People with religious delusions are often convinced that they are in direct communication with God. In some cases they also believe that they have been chosen to be the new Messiah themselves and that they will be sent to earth for the redemption of the world.© artinspiring - stock.adobe.com
Delusion is a symptom of psychiatric illness. In the psychopathological finding, delusion is a content-related thought disorder in the context of various disorders of the psyche. Delusional diseases disrupt the way of life through beliefs incompatible with objective reality. The judgment of those affected is disturbed.
Similar thinking disorders are overvalue ideas and obsessive-compulsive thoughts. In contrast to delusional patients, however, the patients with this thinking disorder usually know that their thoughts are in conflict with objective reality and normality. The delusion mainly characterizes diseases like schizophrenia. Delusions can vary in content. A relatively widespread content is religious topics.

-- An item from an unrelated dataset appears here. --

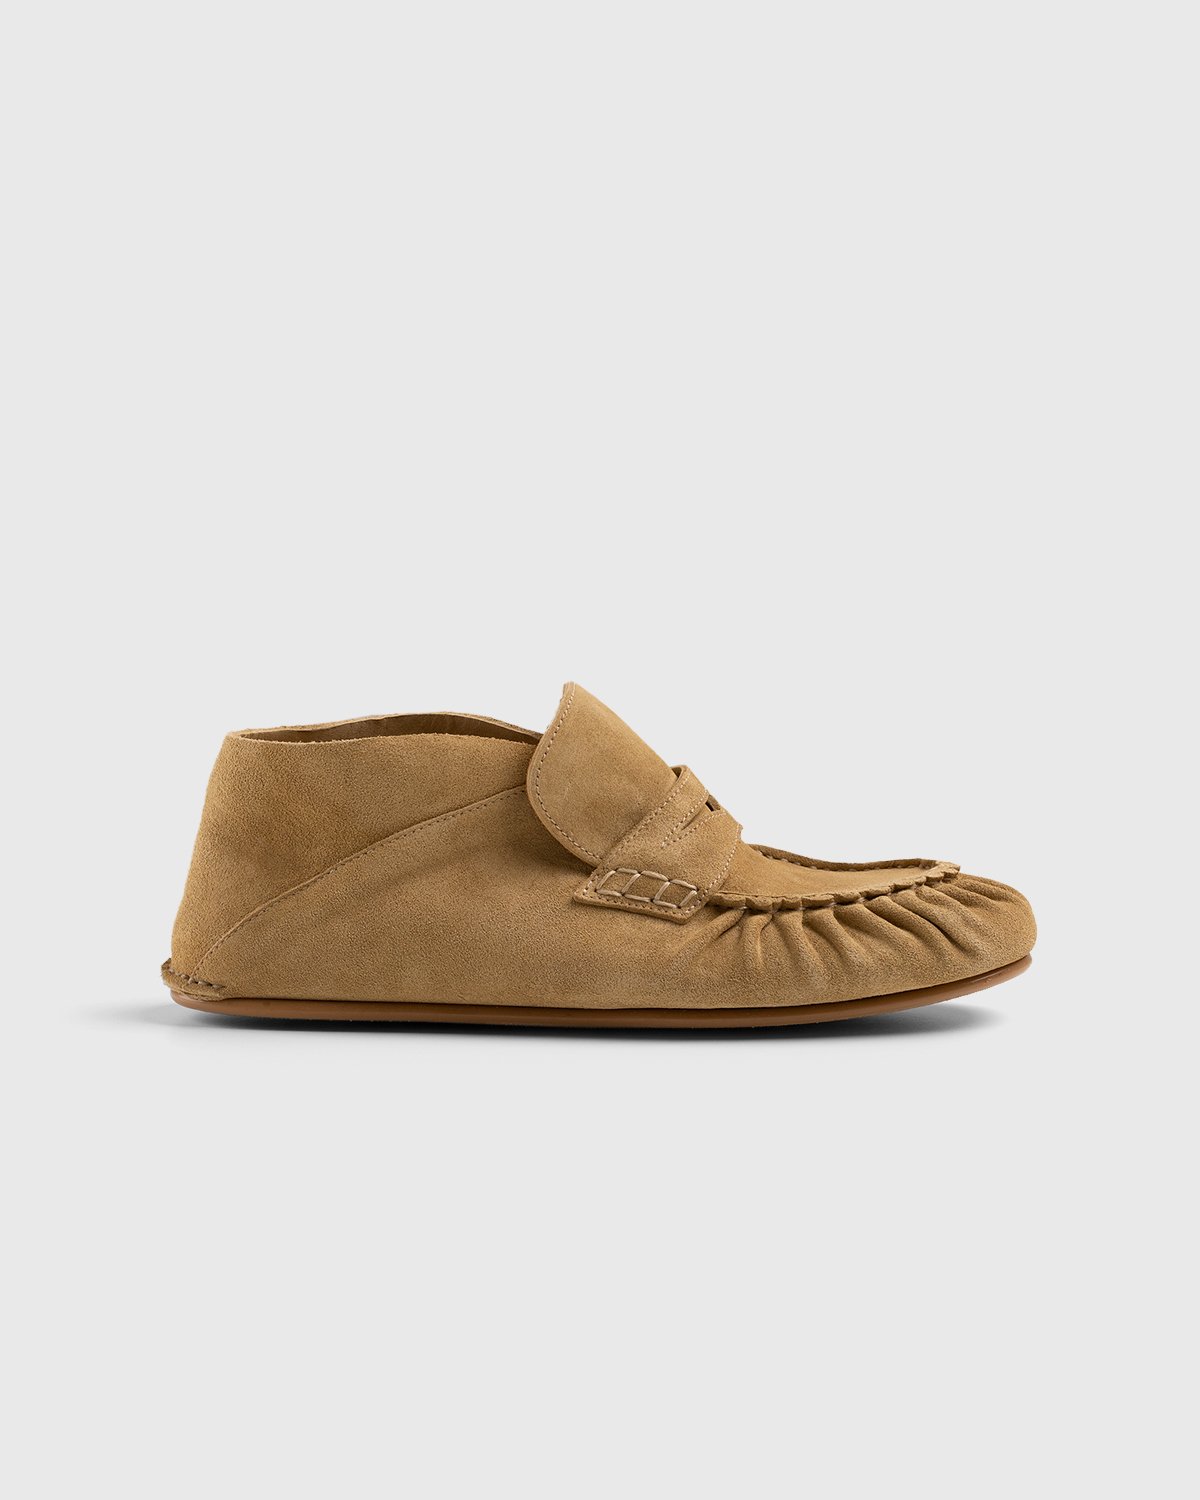 Loewe - Paula's Ibiza Suede Loafer Gold - Footwear - Brown - Image 1

This religious form of delusion is called religious delusion designated. The patients of such a madness suffer from false but unshakable ideas in the form of beliefs that contradict the personal level of education and the cultural or social background of the person concerned. The patients represent their beliefs with extraordinary conviction and ego syntony. Your personal certainty withstands any evidence to the contrary.
causes
According to recent studies, up to 30 percent of all schizophrenic delusional events are related to religious issues. This makes the religious delusion one of the most common delusional topics. In addition to schizophrenia, many other illnesses are associated with delusional symptoms. This applies, for example, to mood disorders such as major depression or mania and bipolar disorder.
The primary cause is often dementia or brain damage. In the context of dementia, Alzheimer's disease, in particular, often causes symptoms of madness. Almost as often the delusion occurs in vascular dementia, Lewy body dementia and fronto-temporal dementia. The religious delusion is therefore usually not caused by purely psychological phenomena, but is in the majority of all cases related to organic brain damage.
On the other hand, cases of religious madness are also known that are not associated with organic brain changes. Depending on the primary causal disease, there are different forms of religious madness. Ultimately, the religious madness is to be understood as a symptom in which the diseases mentioned find expression.
Often the religious delusions do not arise from a personal religious experience. Rather, they arise in the context of human conflicts, such as marital problems or fear of death.
Symptoms, ailments & signs
People with religious delusions are often convinced that they are in direct communication with God. In some cases they also believe that they have been chosen to be the new Messiah themselves and that they will be sent to earth for the redemption of the world. In such a case there is talk of a religious madness with a salvation mission.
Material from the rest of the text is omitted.